Unfortunately Balrog Air went belly up — it seems that Balrog wings are no more useful to their owners than are those of kiwis and ostriches, judging by what happened with Gandalf during the descent into the depths, and up the Endess Stairs to the top of the mountain.

However, Bree's Nazgûl Air Delivery Service is still running, but only for short local stops...the remaining Black Rider (who has now been renamed Sedgewick) must still prove his loyalty.

Barley


----------



## Gil-Galad (Jun 18, 2004)

Arvedui said:


> I have often wondered why they didn't use the High Pass that was used in _The Hobbit,_ and even started a thread around here somewhere because of that.
> 
> Concerning the option to journey by ship:
> That would have had a lot of nasty consequences. Just think of the action that took from the time they left Rivendell, to when Gandalf came to Gondor.
> ...







heh Arvedui,you are right,Tolkien chose the best way .He prove he chose the best one-The Ring was destroyed


----------



## Barliman Butterbur (Jun 18, 2004)

It's time for Middle-earth to wake up, smell the coffee, get on the same page, and get with the program! 

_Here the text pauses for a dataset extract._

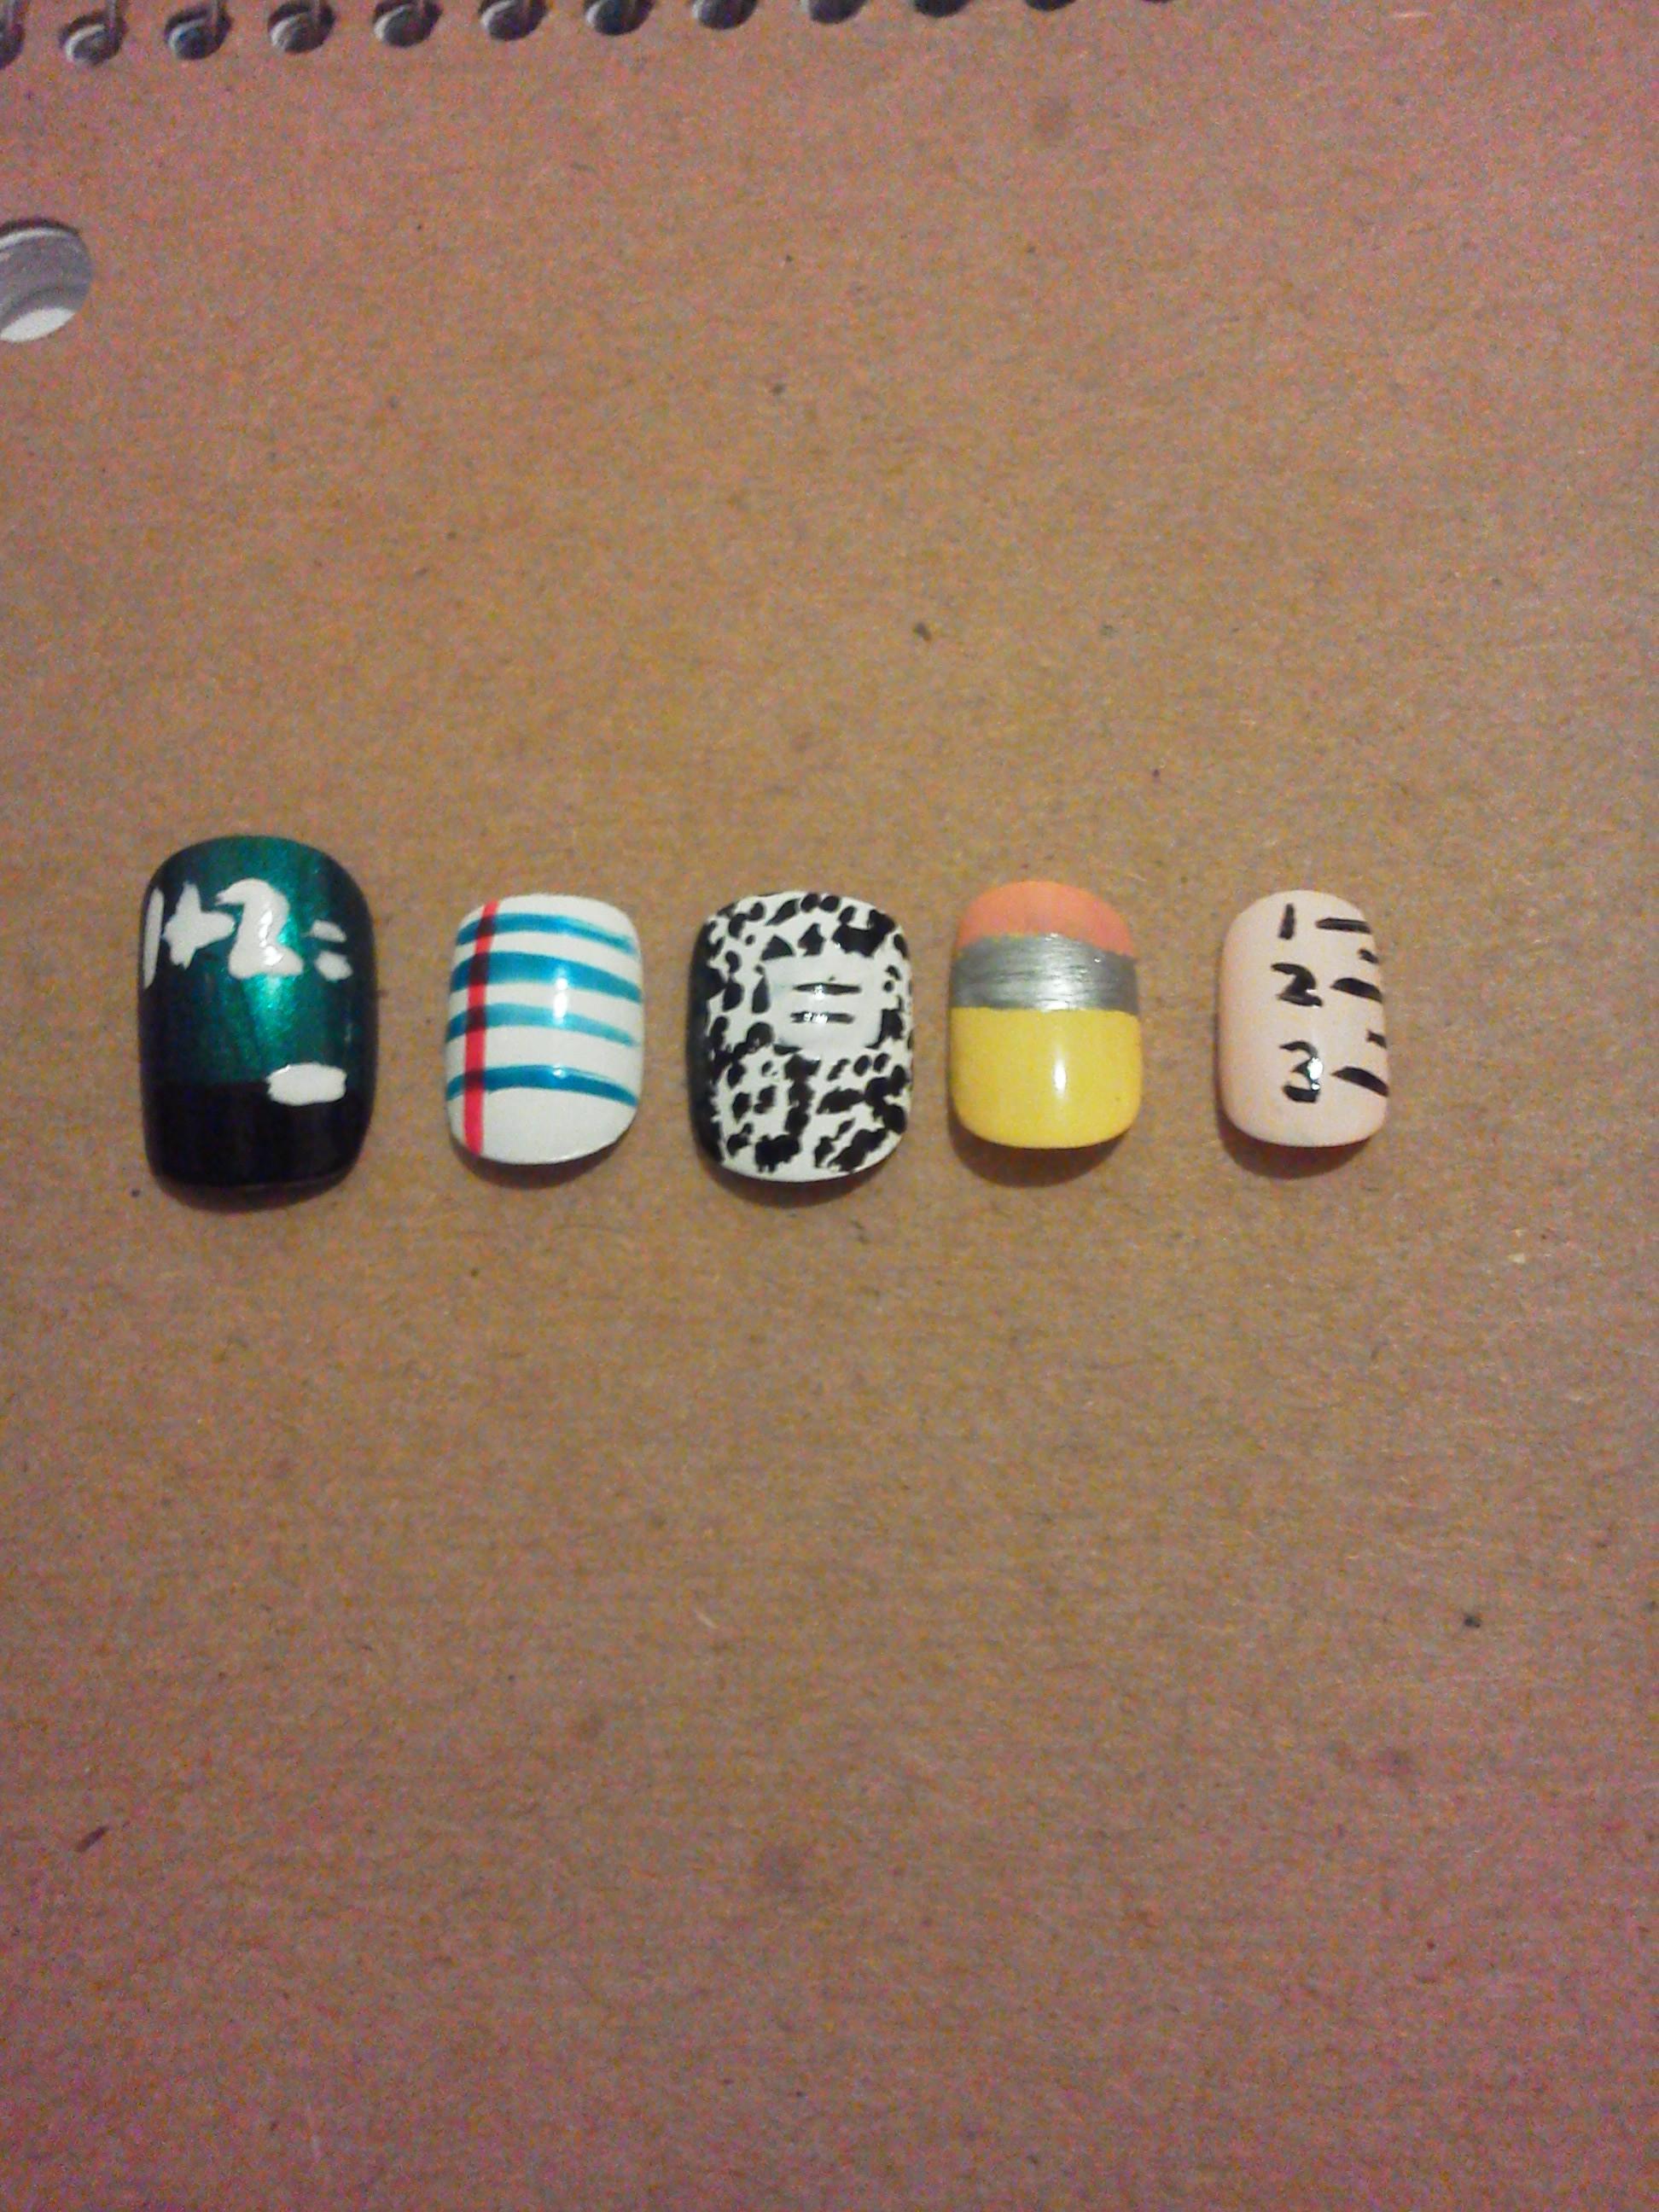 Back to school nail art (no flash

I say we need to establish THE MIDDLE-EARTH SUBWAY SYSTEM! Bree to the Shire in 45 minutes, The Shire to Barad-Dur (as a tourist attraction) in an hour and a half, Gondor to the Glittering Caves (another tourist attraction), the Lonely Mountain, Dale! And of course, all tracks would go under the Greenway and come out at the Bree Station right by the Prancing Pony — just think of it! They could run the train right through Khazad-dum just like the Disneyland Haunted House ride!

Barley


----------



## baragund (Jun 18, 2004)

Barliman pegged it. Using the eagles to fly Frodo to Mt. Doom would have eliminated all the hassles and the Ring would have been destroyed about two hours after the conclusion of the Council of Elrond. But then again there wouldn't be much of a story after Book 1 of FOTR.

I know, I know... JRRT didn't want the eagles to be a "taxi-service" but that's pretty much what they were in both The Hobbit and LOTR.


----------